Python Internals

The internals of Python are actually pretty straightforward, but it’s still worth a dive. I recently gave a talk at Zillow about it, so I’d thought I’d share some points here as well.

Everything here prefixed with »> can be typed into the python interpreter (activated by typing ‘python’ in your shell if you have python installed). I strongly encourage playing and trying some of this stuff out yourself!

Basics #

At the core, everything in python is an object. Each object has three properties:

a unique identifier of the object via ‘id()’
a type of the object via ‘type()’
and it’s value

The base object is represented by the keyword ‘object’ in python:

>>> object <type 'object'>

And you can always find the methods available on any object (i.e. anything) using ‘dir’:

>>> dir(object) ['class', 'delattr', 'doc', 'format', 'getattribute', 'hash', 'init', 'new', 'reduce', 'reduce_ex', 'repr', 'setattr', 'sizeof', 'str', 'subclasshook']

So let’s talk a little bit about the more interesting ones:

__class__ returns the type of an object. If the object is a type, it returns the type ‘type’
__doc__ is the docstring attached to a file. These are the triple quotes contained directly below a method or class declaration.
__new__ is called whenever a new instance of an object is created. It almost always calls __init__
__sizeof__ get the size of the object. One can also use sys.getsizeof. This isn’t the most reliable because it doesn’t get the size of referenced objects, just the size of the reference itself.

__delattr__, __getattribute__, and __setattr__ are used to get the attributes regarding a particular object. However, you should use (set get has)attr methods instead of directly calling these.

Types #

Types are special kind of object in Python, designed to be constructors for classes.

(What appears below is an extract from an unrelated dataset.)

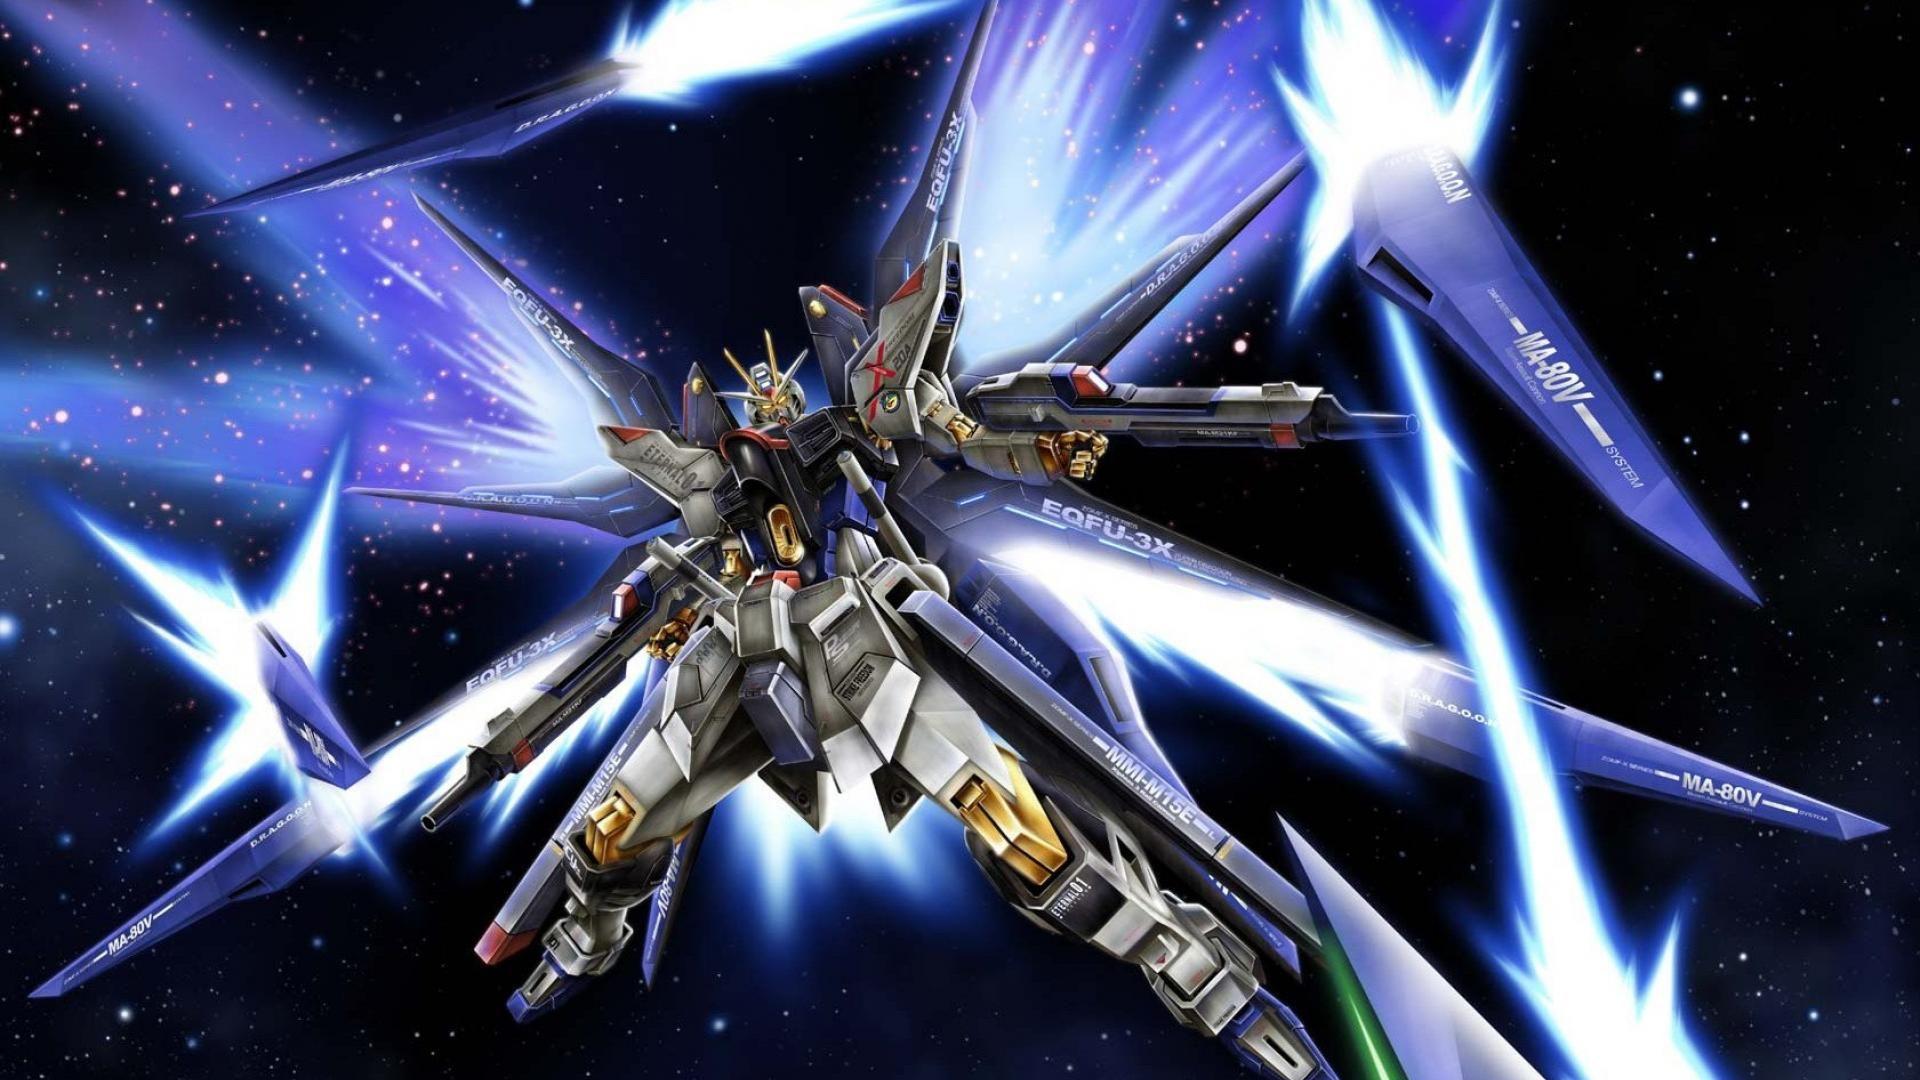 Glamorous Anime Gundam Wallpaper Hd 1920x1080px Nice Px Gundam

It’s not possible to create a new object (aside from built-in shorthand like {} for dictionaries and [] for lists) without using a type object and instantiating something with it:

>>> object() <object object at 0x7f1e14eee080>

exec, eval, and compile #

exec, eval, and compile are also built-in functions in Python. They compile and evaluate code.

‘exec’ executes a particlular string of code

>>> exec("print 'hello world'") hello world

‘eval’ evaluates an expression. Note: this can not be a statement. e.g. assigning a value.

>>> eval("1") 1

‘compile’ compiles an expression or statement into a ‘code’ objects, which actually contained the byte-compiled executable code, and is what gets ultimately executed by Python.

Note that you have to choose to either ‘eval’ or ‘exec’ the string passed. Conversely, you can pass a file.

>>> compile('./test.py') >>> compile('print "hello world", '', 'exec')

Functions #

Functions (or methods) consist of two objects:

a code object, containing the bytecode for a particular object
a globals dictionary, containing the global variables necessary

One can’t instantiate functions directly, so we have to get the type of a function first:

>>> ftype = type(lambda: None)
>>> fn = ftype(compile('print test', '', 'exec'), {'test': "hello world"})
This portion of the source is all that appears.